Exports a planned budget into the shop floor control system,
SYMIX. Imports from DISASU, a vessel design program.
- Management Graphics -- Generates graphs of project status for
project and company management. Data is collected from Brown &
Root's Integrated Project Management System, written in
Oracle, and graphs are generated using Access and Microsoft
Graph.
- Equipment & Specification Database -- Designed and wrote a
Paradox database to track tagged equipment used in the Exxon
SYU refinery and the specifications under which the equipment
was purchased.
- Warehouse Barcoding -- Programmed hand held barcode readers
using IRL to manage inventory at Brown & Root's central
warehouse.
Education
BSc. Computer Science, Texas A&M University, Dec 1991
Publications
- Lander ES, Linton LM, Birren B, Nusbaum C, et. al.
Initial sequencing and analysis of the human genome.
Nature. 2001 Feb
15;409(6822):860-921
- Mark D. Adams, Susan E. Celniker, et. al.
The genome sequence of Drosophila melanogaster.
Science. 2000 Mar 24;287(5461):2185-95.
PMID: 10731132; UI: 20196006
- Muzny DM, Metzker ML, Bouck J, Gorrell JH, Ding Y, Maxim E, Gibbs RA.
Using BODIPY dye-primer chemistry in large-scale sequencing.
IEEE Eng Med Biol Mag. 1998 Nov-Dec;17(6):88-93. PMID: 9824768; UI:
99042209
- Bouck J, Miller W, Gorrell JH, Muzny D, Gibbs RA
Analysis of the quality and utility of random shotgun sequencing at low redundancies.
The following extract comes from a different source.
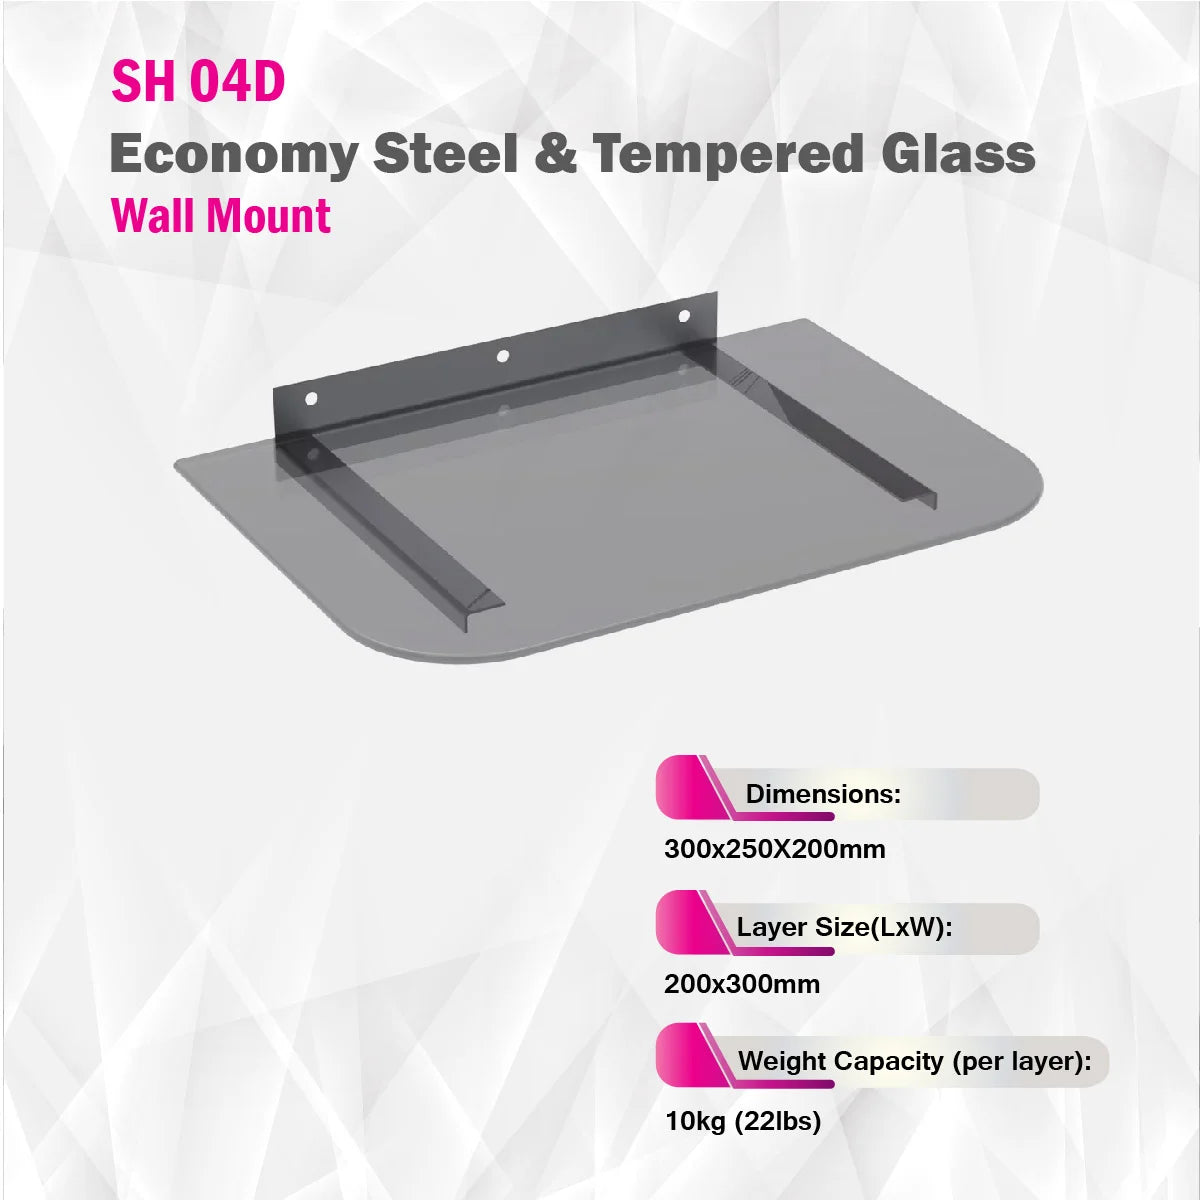 Skill Tech SH 04D - Economy Steel & Tempered Glass Wall Mount

Genome Res. 1998 Oct;8(10):1074-84. PMID: 9799794;
UI: 99018119
- Ansari-Lari MA, Oeltjen JC, Schwartz S, Zhang Z, Muzny DM, Lu J,
Gorrell JH, Chinault AC, Belmont JW, Miller W, Gibbs RA.
Comparative sequence analysis of a gene-rich cluster at human
chromosome 12p13 and its syntenic region in mouse chromosome 6.
Genome Res. 1998 Jan;8(1):29-40. PMID: 9445485; UI: 98112780
Patents
- US 8,855,939 B2 System, Method, and Computer Product For Exon Array Analysis
Presentations
- Informatics for Automation at the BCM-HGSC,
Automation in Mapping and Sequencing, Heidelberg, Germany Feb 1997
- Large Scale Sequencing Project Management,
International Genome Sequencing and Analysis Conference, Hilton
Head SC Oct 1996
Other computing
- Have written a number of GPLed emacs packages, such as
dna-mode, and
ssh config mode.
- Automated personal envrionment utilities such as
repo-cmd to make working with git repos quicker.